Apparently, Shoshani was born in Eastern Europe, grew up in a religious home and, as a child, was considered a genius. Some say that he was put on display at fairs in Eastern European towns, where he demonstrated his astounding knowledge of the Talmud to curious passersby. Various legends also surround the question of how Shoshani survived the Holocaust. It appears that he escaped from France to Switzerland, where he lived as a refugee. After the war, he returned to France. Lonely and dressed like a beggar, he made a living from giving religious lessons in various places. This is how Levinas heard of him; he essentially absorbed all of his Jewish education from Shoshani.

In his Talmudic lectures, Levinas often quoted the principles of exegesis that he learned from Shoshani, though he referred to him as "the superb teacher," and not by name. One of these principles was the idea that the verses quoted by Talmud scholars in order to prove a point are not chosen randomly. The original context in which such verses appear must be studied in order to understand what the sages were trying to say by using a particular quote.

Using this and other exegetical methods, Levinas found fascinating implications for the modern issues that preoccupied him and his contemporaries. For example, he tells the Talmudic story of Rav, who would repeat the lesson he was giving again and again each time one of the other amorayim (the sages of the Talmud) came into the room. Until his teacher, Rabbi Hanina Bar Hama entered, by which point Rav had grown tired of repeating himself and decided not to go over the lesson again.

Rabbi Hanina was offended. Rav tried to reconcile with him every Yom Kippur eve for the next 13 years, but was unsuccessful. The Gemara explains that the reason for Rabbi Hanina's stubbornness was a dream he had, in which he saw Rav hanging from a palm tree - a dream he interpreted as signifying that Rav was due for greatness. Rabbi Hanina worried that Rav might replace him as head of the yeshiva, and so he insisted on not forgiving him, so that Rav would be hurt and leave Eretz Israel for Babylonia and attain his expected greatness there - as indeed happened. The lesson Levinas derives from this story is that someone who is unaware of his actions or words and sins unintentionally may be forgiven, but not someone who sins intentionally, or one who has a personal interest in the sin he has committed. Hence, his conclusion that "It is possible to forgive many Germans, but there are Germans whom it is hard to forgive. It is hard to forgive Heidegger" (who succeeded his mentor Husserl at Marburg University during the Nazi period).
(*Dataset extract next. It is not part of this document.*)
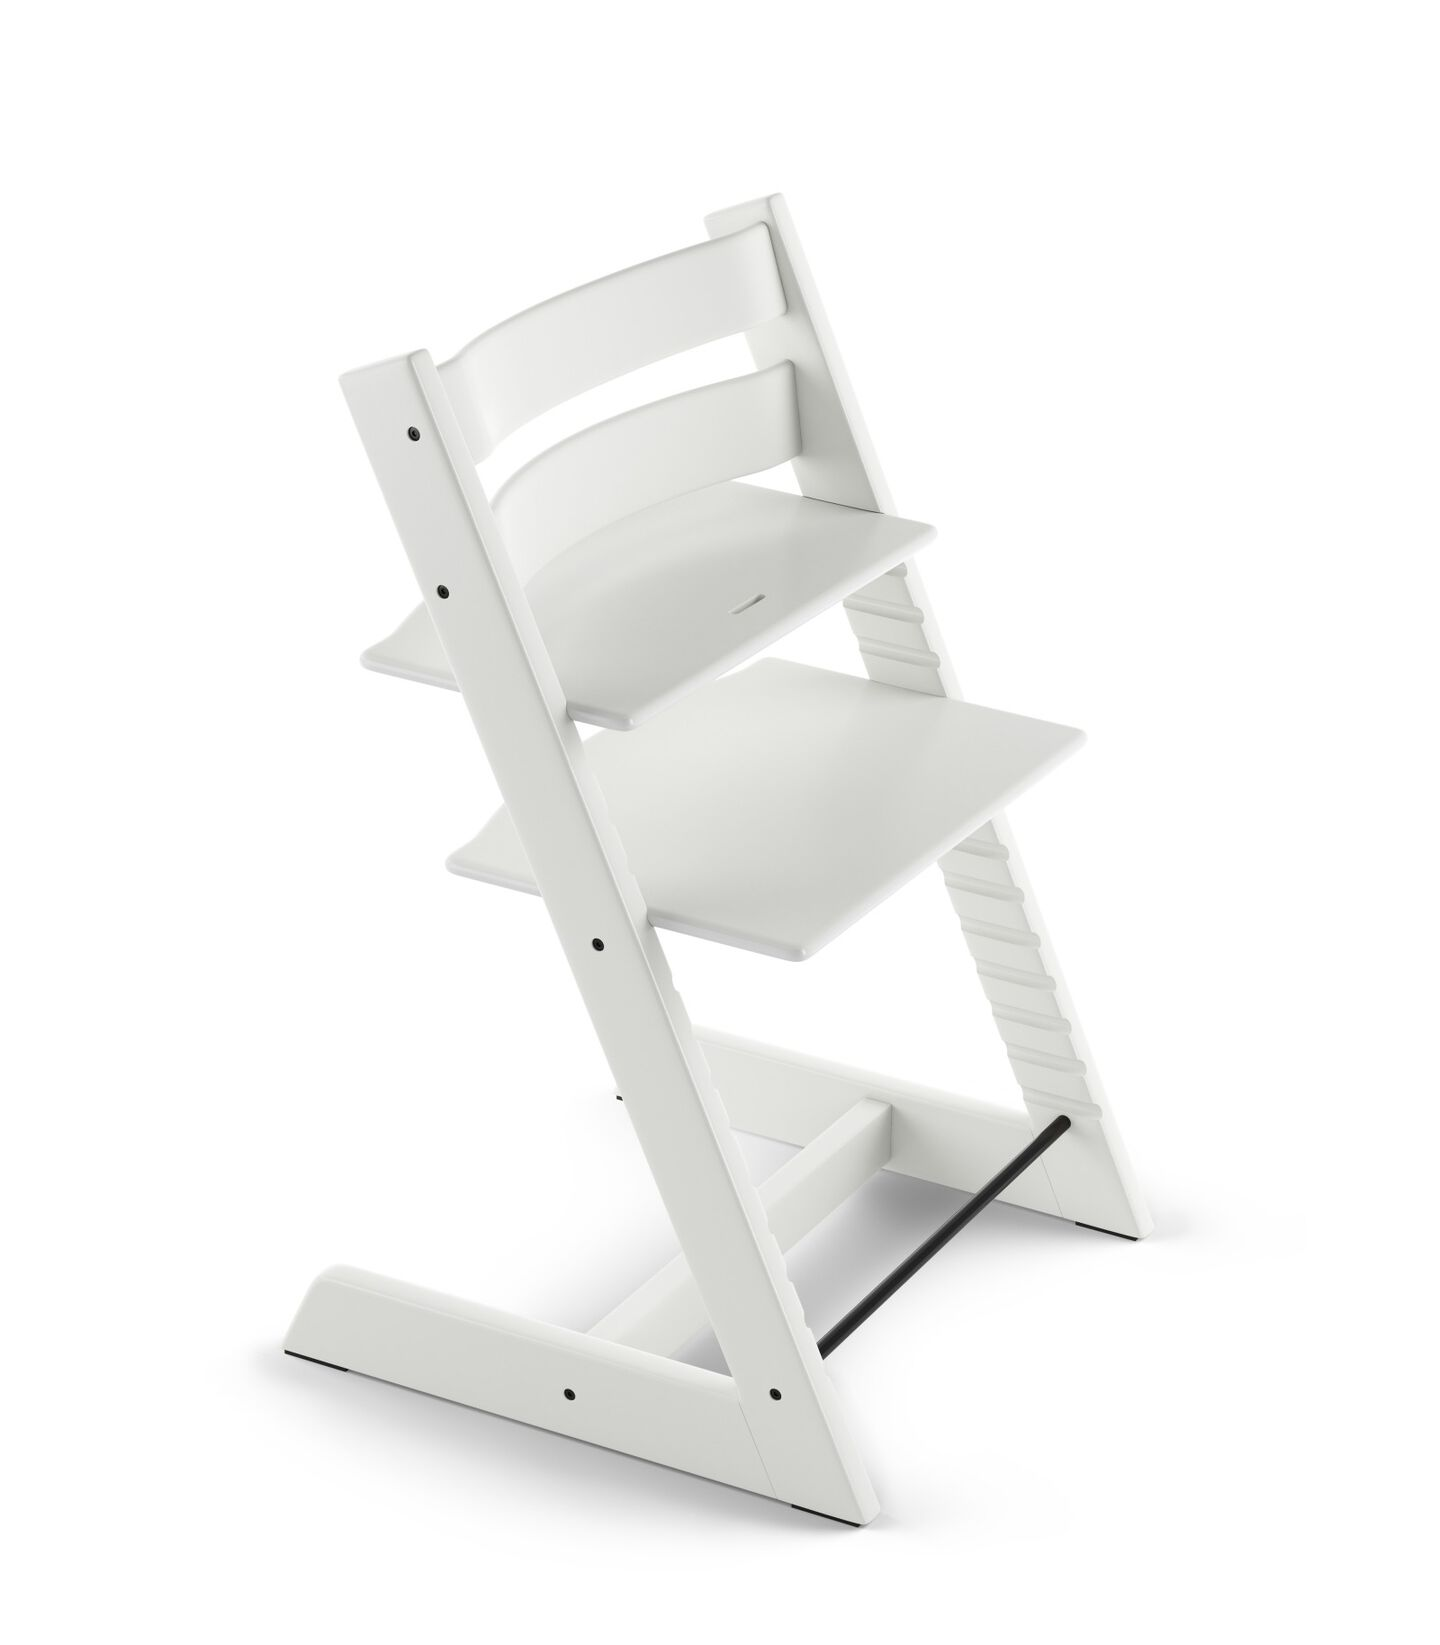 Tripp trapp barnestol white for Offerte stokke tripp trapp seggiolone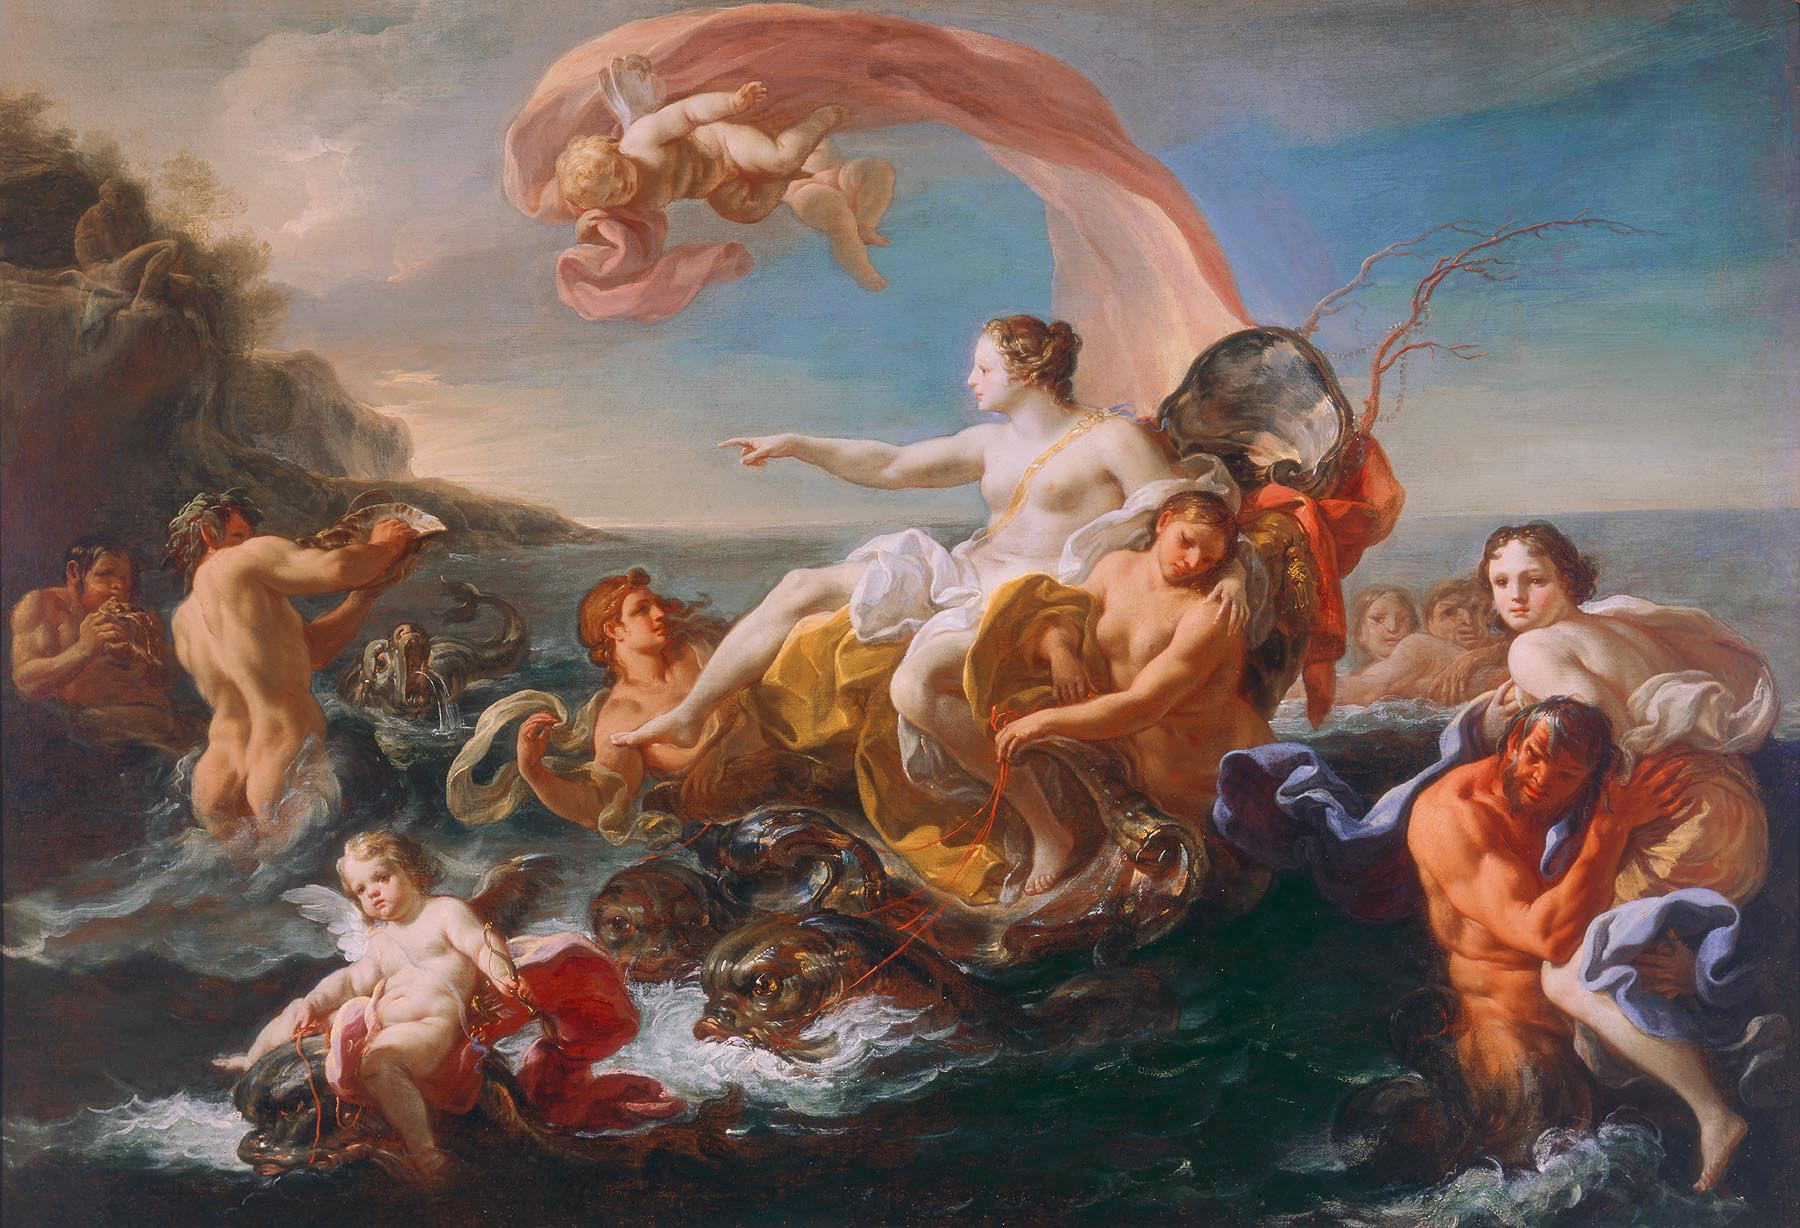 Corrado Giaquinto (Italian, 1703–1766) The Triumph of Galatea, ca. 1752 Oil on canvas 33 1/2 x 48 1/2 in. (85.09 x 123.19 cm) Gift of Mr. and Mrs. Myron Laskin M1970.68.2 Photo credit Larry Sanders

What so enchanted Levinas in the Talmud, and Judaism in general, was the similarity he found there to his own philosophical outlook: a perception of reality based not on abstract theories, but on the most ordinary acts of everyday life, as manifested in the world of halakha (Jewish law). In the halakhic perspective, he saw that same absolute obligation - in practical and not theoretical terms - to the Other. In a Talmudic lecture that he gave in 1969, close to the time that the "student revolution" was sweeping France and Western youth in general, Levinas sought to express his aversion to the violence inherent in the revolution - in any revolution - by means of another Talmudic story. (His opposition to the revolution was a natural development of the outlook that saw one's obligation to the actual person beside you as the main point, and abhorred big revolutionary ideologies, lofty as they might be, that ended up trampling on the individual.)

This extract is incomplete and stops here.